A Polícia Federal (PF) informou ao presidente do Supremo Tribunal Federal (STF), ministro Edson Fachin, que os dados extraídos do telefone celular do ex-banqueiro Daniel Vorcaro estão preservados e sob a guarda da instituição. A PF declarou que está de posse do aparelho e do material original extraído dele, com lacres íntegros e com os mecanismos de verificação de integridade digital. A informação foi prestada neste domingo (13), em resposta a um pedido de Fachin feito na noite de sábado (12).
A corporação acrescentou que tem “plenas condições técnicas” para encaminhar cópia idêntica dos dados a todos os ministros que a solicitaram. Os ministros Alexandre de Moraes e Cristiano Zanin já manifestaram interesse em receber a íntegra desses dados.
Contexto da solicitação de Fachin
O presidente do STF havia solicitado informações sobre a custódia do material extraído do celular de Vorcaro e o estado em que ele se encontrava. Em sua solicitação à PF, Fachin citou a negativa do ministro André Mendonça, relator do caso Master, para dar acesso ao material.
Segundo Mendonça, a mídia que está em seu gabinete é uma cópia de segurança, “lacrada” e “inacessível”, “a ser utilizada apenas em caso de necessidade ou em decorrência da perda ou do extravio do material original”, que está com a PF. A PF, por sua vez, informou que recebeu pedido do gabinete de Mendonça e encaminhou a cópia dos dados.
Manifestação da PGR
A Procuradoria-Geral da República (PGR) também se manifestou neste sábado, reiterando ao presidente do STF a necessidade de acesso integral aos dados de Vorcaro. A PGR já havia repetido o pedido anteriormente.

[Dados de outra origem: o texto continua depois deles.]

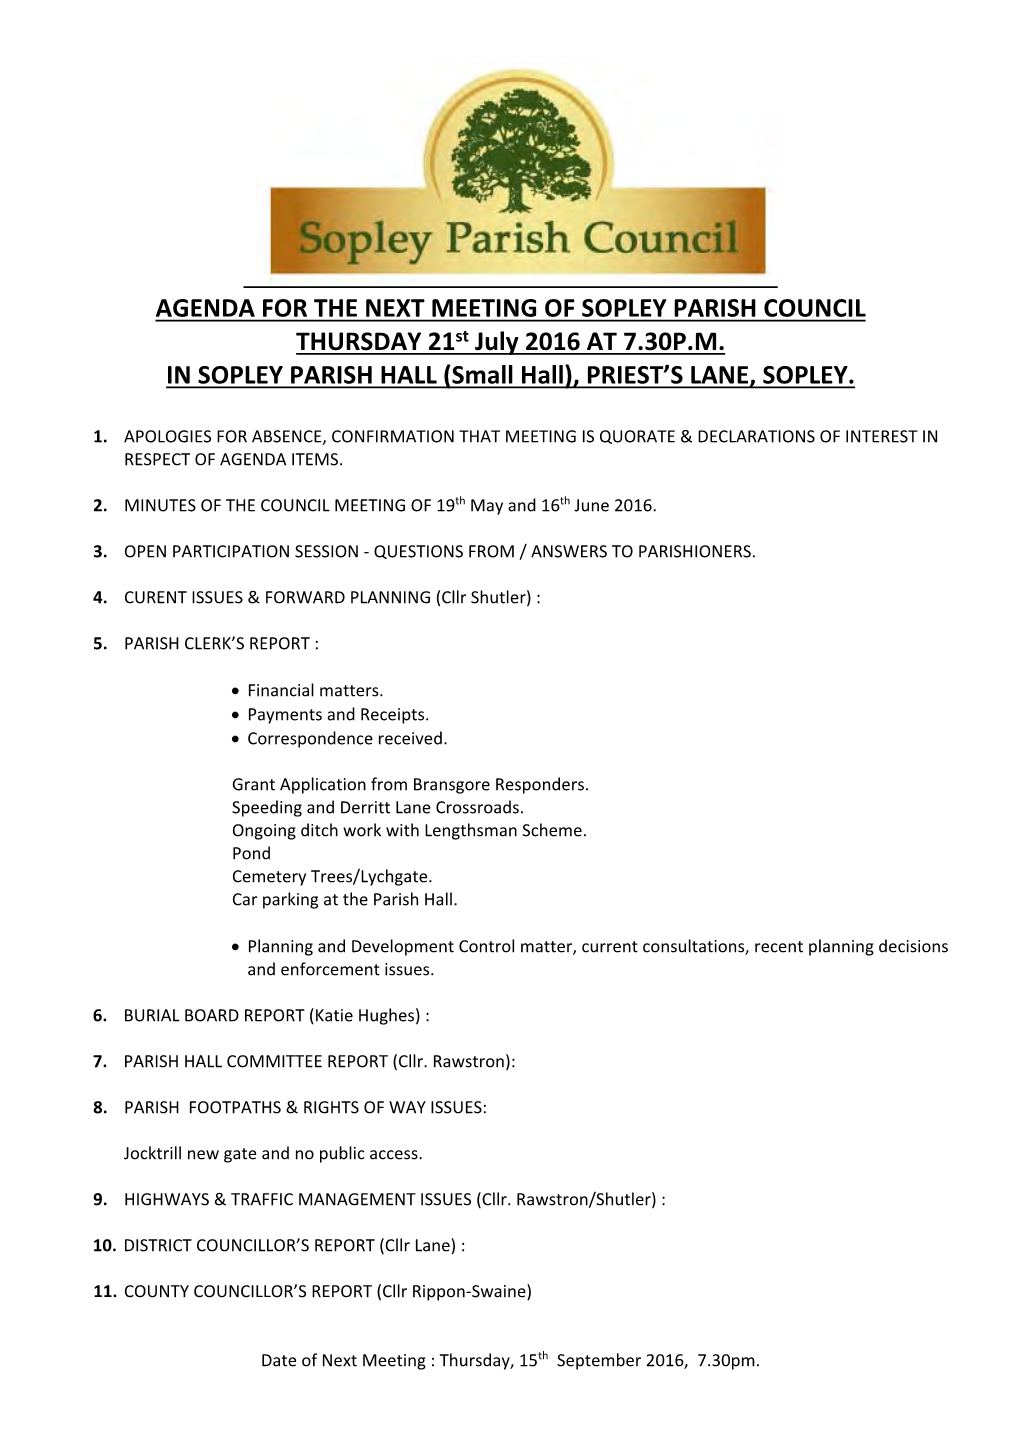 AGENDA for the NEXT MEETING of SOPLEY PARISH COUNCIL THURSDAY 21St July 2016 at 7.30P.M

Panorama político e institucional
A disputa em torno do acesso aos dados do celular de Daniel Vorcaro ocorre em meio a um cenário de tensão entre diferentes órgãos do sistema de Justiça. O caso Master, que envolve o ex-banqueiro, tem desdobramentos que alcançam ministros do STF e outras autoridades. A negativa de André Mendonça em compartilhar o material e a subsequente intervenção do presidente da Corte, Edson Fachin, evidenciam um embate sobre a governança e a transparência de informações sensíveis dentro do próprio tribunal.
A movimentação também ocorre em um momento de maior escrutínio sobre as relações entre instituições financeiras e o mundo político. Investigações da PF têm citado nomes de políticos em redes de influência ligadas ao Banco Master, como no caso que envolve o deputado Isnaldo Bulhões e outros 10 políticos. Além disso, a negociação de delação do banqueiro Daniel Vorcaro enfrenta resistência da PF e da PGR, que rejeitaram o acordo por considerarem estratégia defensiva e cálculo político.
O impasse sobre o celular de Vorcaro adiciona mais um capítulo à crise que envolve o STF e a ala do ministro Alexandre de Moraes, que aponta falhas processuais para barrar investigações contra o próprio ministro. A decisão de Fachin de assumir a relatoria do processo sobre Moraes e Vorcaro e o prazo de 24 horas dado à PF para prestar informações são desdobramentos diretos desse cenário.
A PF reafirmou que o material está preservado e que pode ser compartilhado com os ministros que o solicitarem, o que pode levar a novos desdobramentos processuais nos próximos dias. A expectativa é de que a íntegra dos dados seja analisada por diferentes gabinetes, ampliando o escopo das investigações e das decisões judiciais relacionadas ao caso.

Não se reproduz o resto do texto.